Explore Points with QR#

  • This function works the same as explore_points (with the same projections) but allows visualization of QR cells and points.

[ ]:
def explore_points_withQR(df1, df2):
    df1_proj = df1.select(st_project("SHAPE1", 102010, 4326).WKB.alias("WKB"))
    pdf1 = df1_proj.toPandas()
    geom1 = geopandas.GeoSeries.from_wkb(b""+pdf1["WKB"], crs=f"EPSG:{4326}")
    gdf1 = geopandas.GeoDataFrame(pdf1, geometry=geom1).drop(["WKB"], axis=1)

    df1_QR = df1.select(st_project("BOX", 102010, 4326).WKB.alias("WKB"))
    pdf1_grid = df1_QR.toPandas()
    geom1_grid = geopandas.GeoSeries.from_wkb(b""+pdf1_grid["WKB"], crs=f"EPSG:{4326}")
    gdf1_grid = geopandas.GeoDataFrame(pdf1_grid, geometry=geom1_grid).drop(["WKB"], axis=1)


    df2_proj = df2.select(st_project("SHAPE2", 102010, 4326).WKB.alias("WKB"))
    pdf2 = df2_proj.toPandas()
    geom2 = geopandas.GeoSeries.from_wkb(b""+pdf2["WKB"], crs=f"EPSG:{4326}")
    gdf2 = geopandas.GeoDataFrame(pdf2, geometry=geom2).drop(["WKB"], axis=1)

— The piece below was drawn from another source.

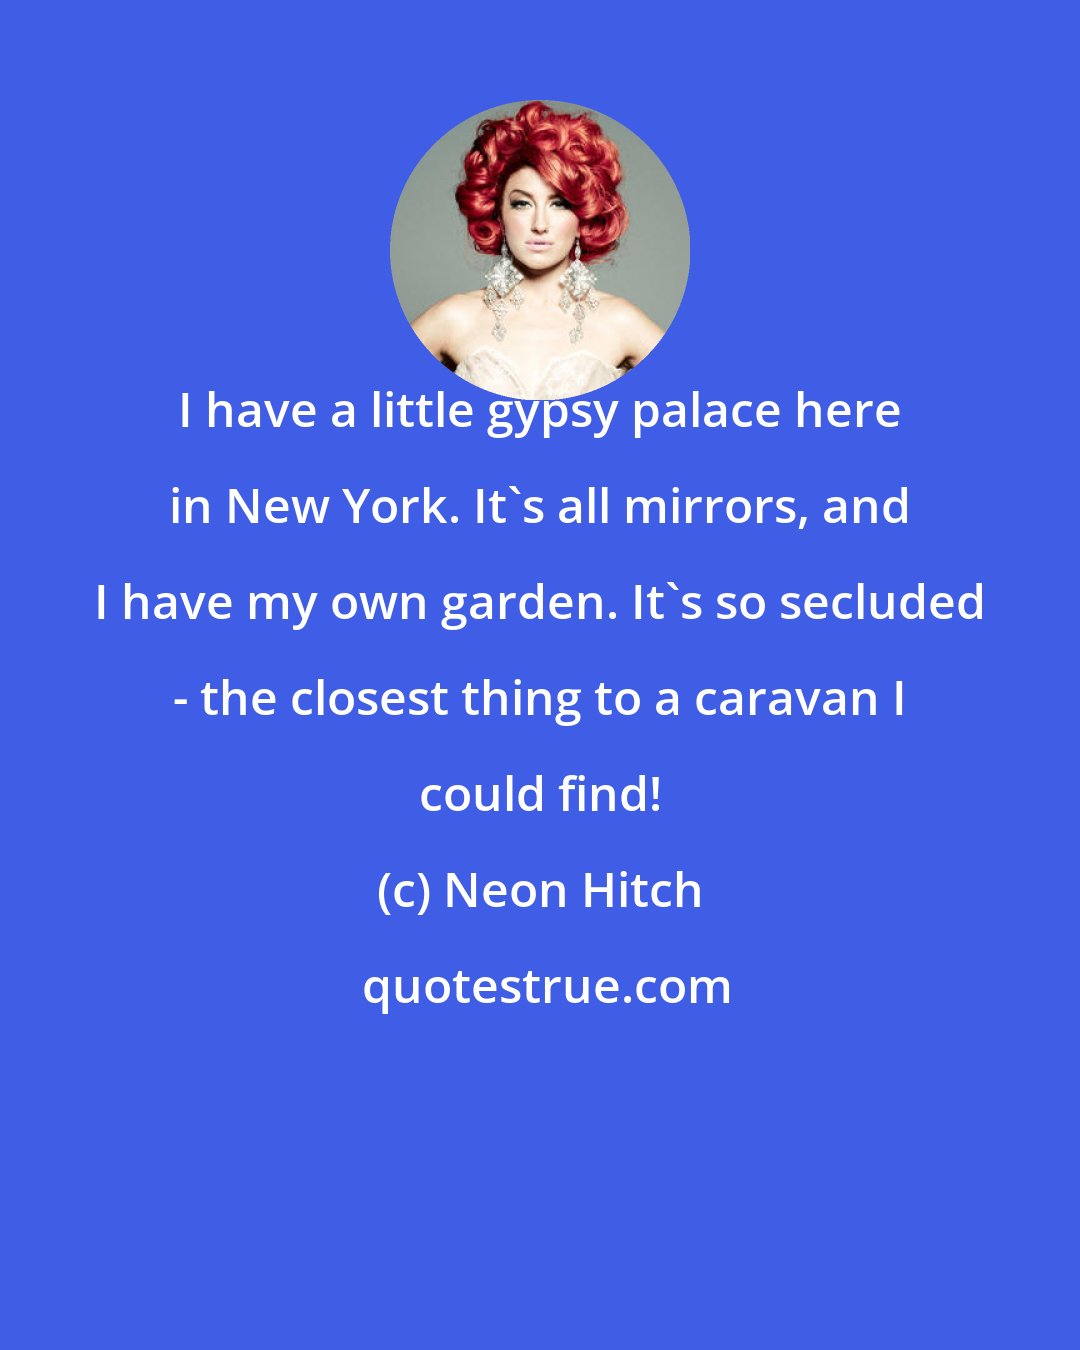 Neon Hitch: I have a little gypsy palace here in New York. It's all mirrors, and I have my own garden. It's so secluded - the closest thing to a caravan I could find!

    df2_QR = df2.select(st_project("BOX", 102010, 4326).WKB.alias("WKB"))
    pdf2_grid = df2_QR.toPandas()
    geom2_grid = geopandas.GeoSeries.from_wkb(b""+pdf2_grid["WKB"], crs=f"EPSG:{4326}")
    gdf2_grid = geopandas.GeoDataFrame(pdf2_grid, geometry=geom2_grid).drop(["WKB"], axis=1)

    m = gdf2.explore(legend=False, color="red", tiles="Esri.WorldTopoMap")
    m = gdf1.explore(legend=False, color="blue", m=m)
    m = gdf2_grid.explore(legend=False, color="grey", style_kwds=dict(fillOpacity=.04), m=m)
    m = gdf1_grid.explore(legend=False, color="grey", style_kwds=dict(fillOpacity=.04), m=m)
    folium.LayerControl().add_to(m)
    return m
[ ]:
explore_points_withQR(pointsQR_df1, pointsQR_df2)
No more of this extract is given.